DNA/RNA Foundation Model Operators¤

DiffBio provides differentiable foundation-model operators for DNA/RNA sequences and single-cell expression. The current stable imported-model surface is intentionally narrow: precomputed Geneformer and scGPT artifacts for single-cell annotation and batch correction. Sequence/genomics adapters and frozen benchmark paths exist as pre-promotion scaffold until genomics realism and promotion evidence is attached.

These operators sit in DiffBio's biology-specific layer and reuse the wider ecosystem stack: Datarax for operator contracts, Artifex for transformer/model components, Opifex for advanced scientific-training workflows, and Calibrax for benchmark evaluation.

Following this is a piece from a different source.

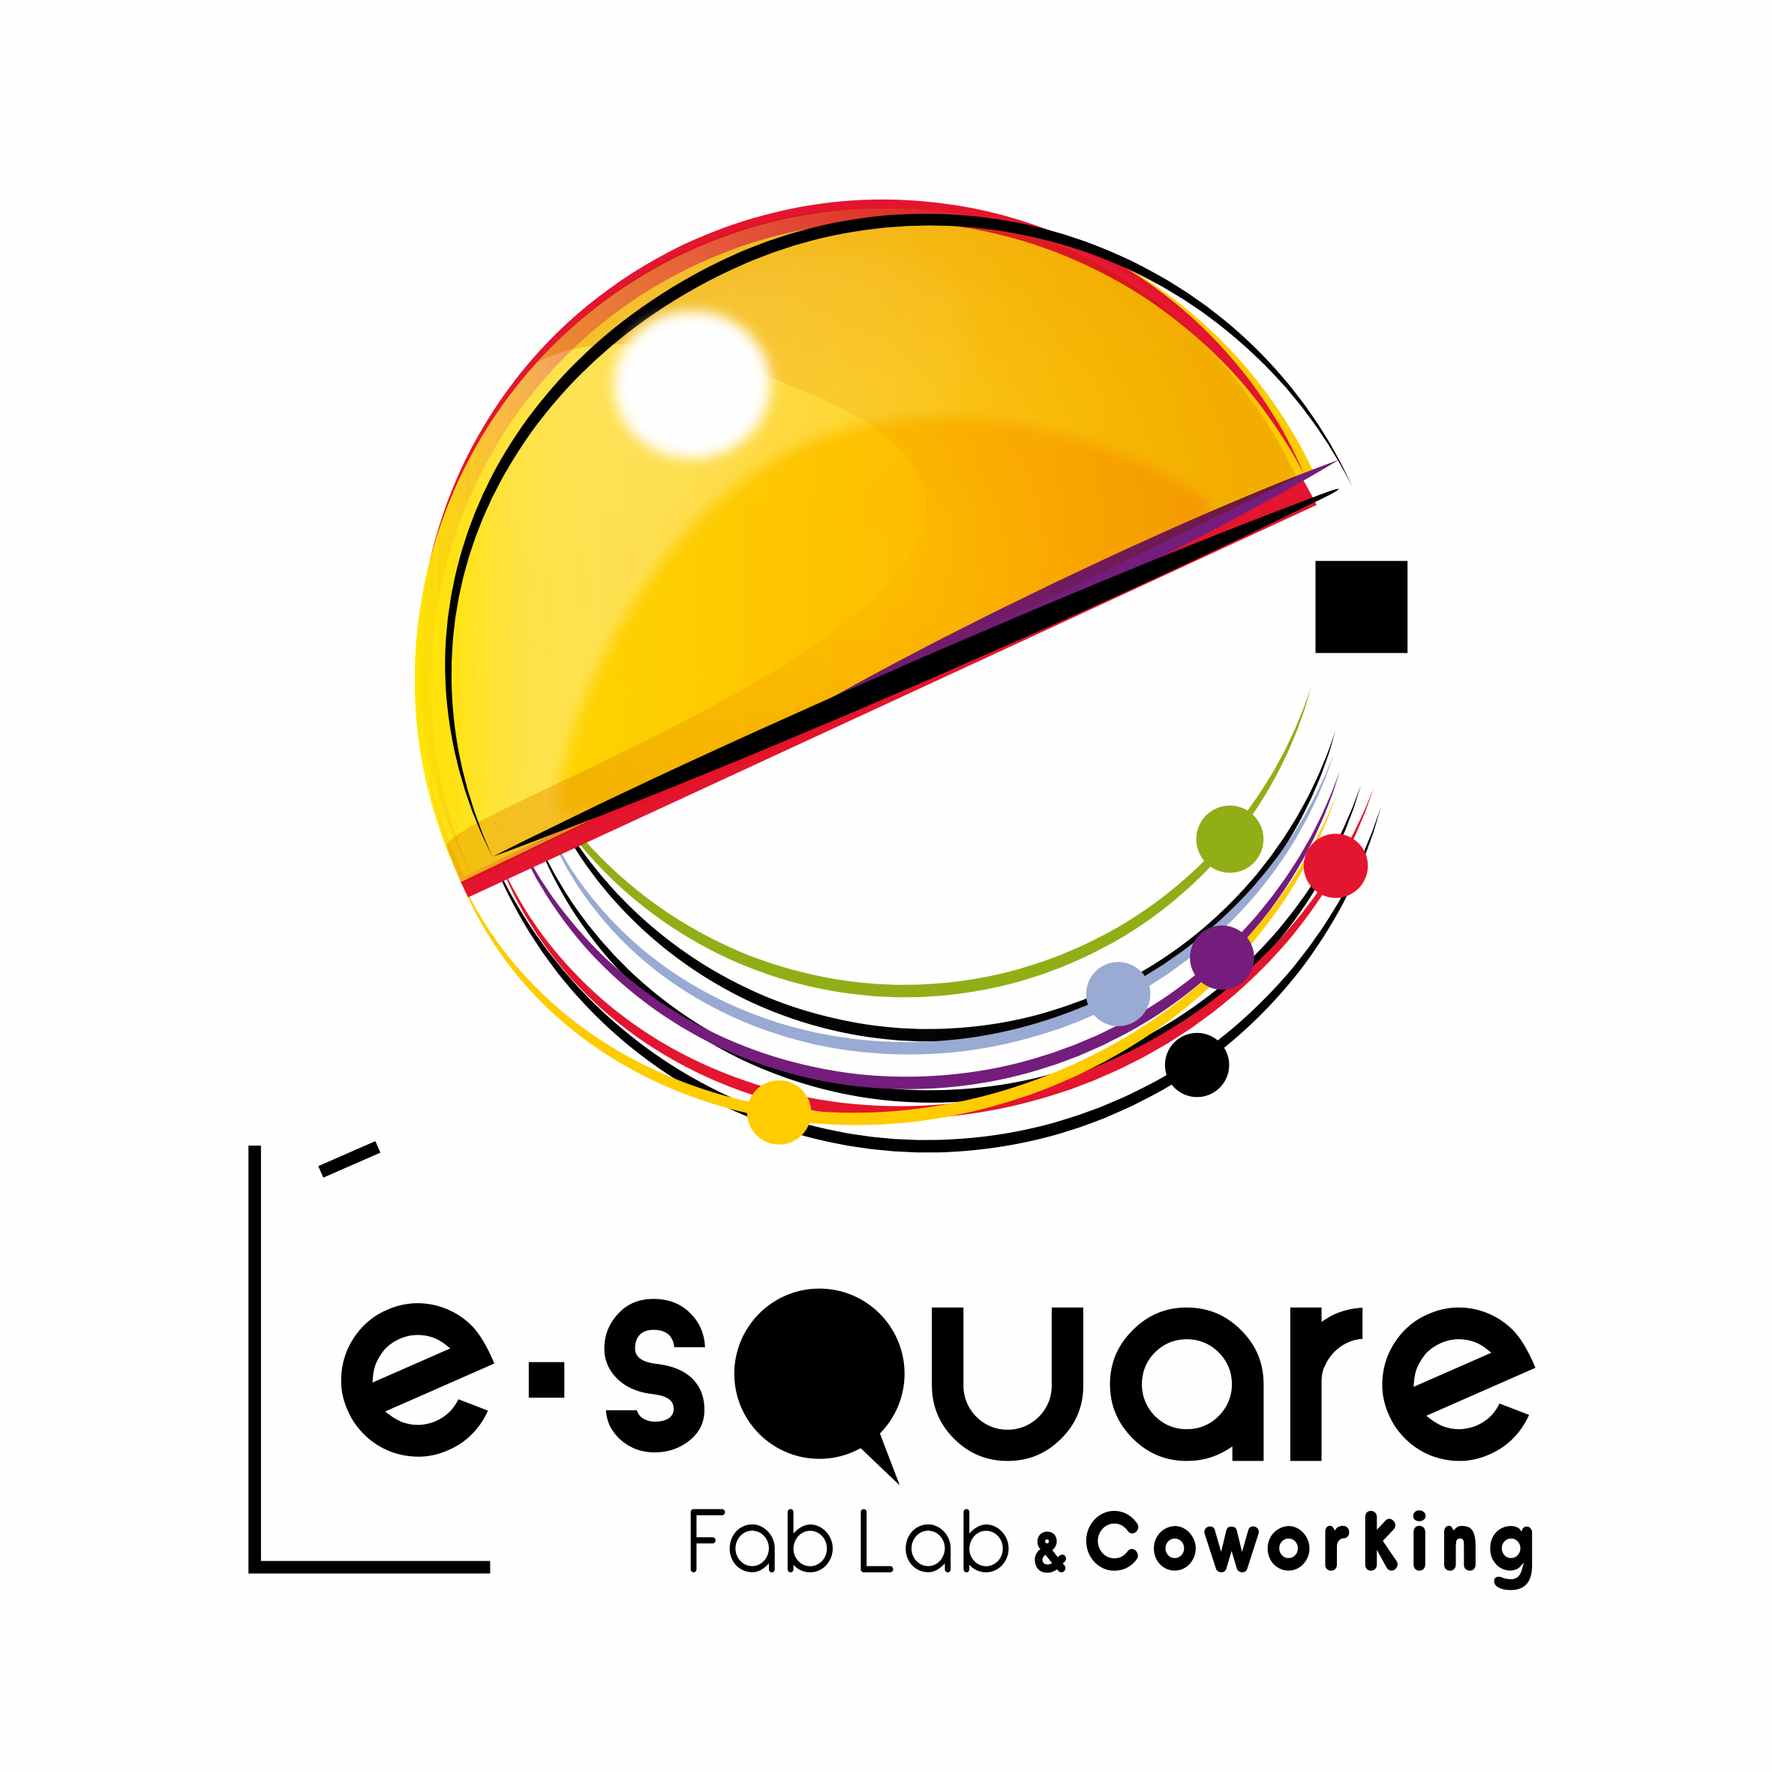 Group-e-Square logo.jpg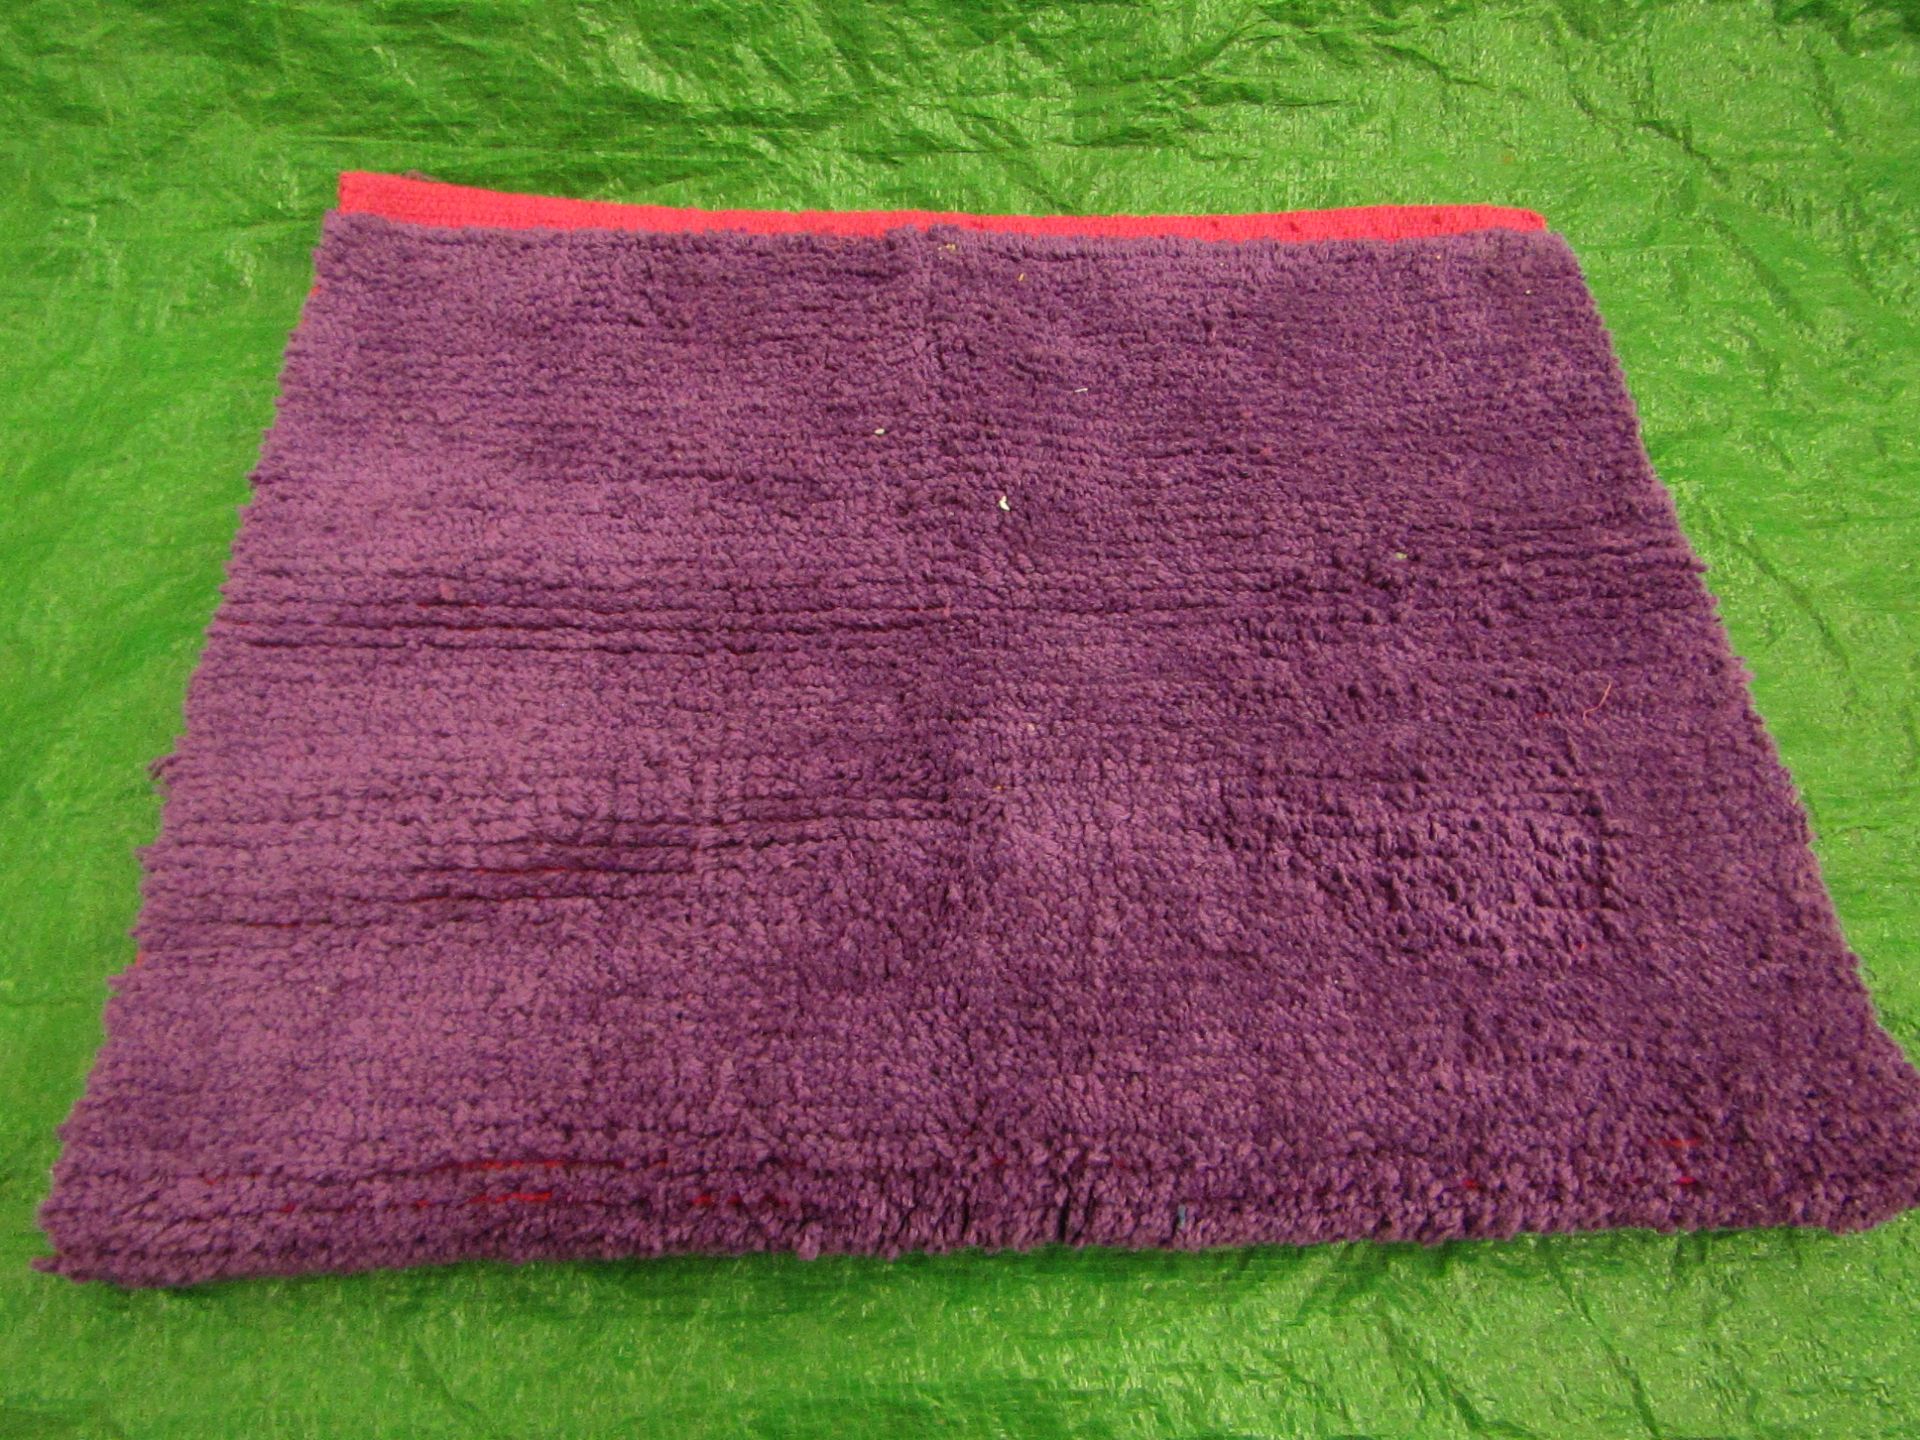 Unbranded - Bathroom Rug ( Purple & Pink ) - 80x50cm - Unused & Packaged.

Foundation Models Fully Differentiable

Overview¤

Foundation model operators convert nucleotide sequences and gene-expression profiles into dense embeddings using transformer architectures:

TransformerSequenceEncoder: BERT-style transformer for DNA/RNA sequence embedding
DifferentiableFoundationModel: Geneformer/scGPT-style masked gene expression model
GeneTokenizer: Geneformer-style rank-value gene tokenization via soft sorting
GeneformerPrecomputedAdapter: strict adapter for externally generated Geneformer embeddings with explicit cell-order alignment
SequencePrecomputedAdapter: strict base contract for imported sequence embedding artifacts with explicit sequence-order alignment
FrozenSequenceEncoderAdapter: in-process benchmark adapter for a frozen DiffBio sequence encoder using the shared sequence adapter contract
DNABERT2PrecomputedAdapter: strict adapter for precomputed DNABERT-2 sequence embeddings
NucleotideTransformerPrecomputedAdapter: strict adapter for precomputed Nucleotide Transformer sequence embeddings

Post-DTI Stable Boundary¤

Post-DTI stable boundary: benchmark-backed operator support is separate from imported foundation-model promotion.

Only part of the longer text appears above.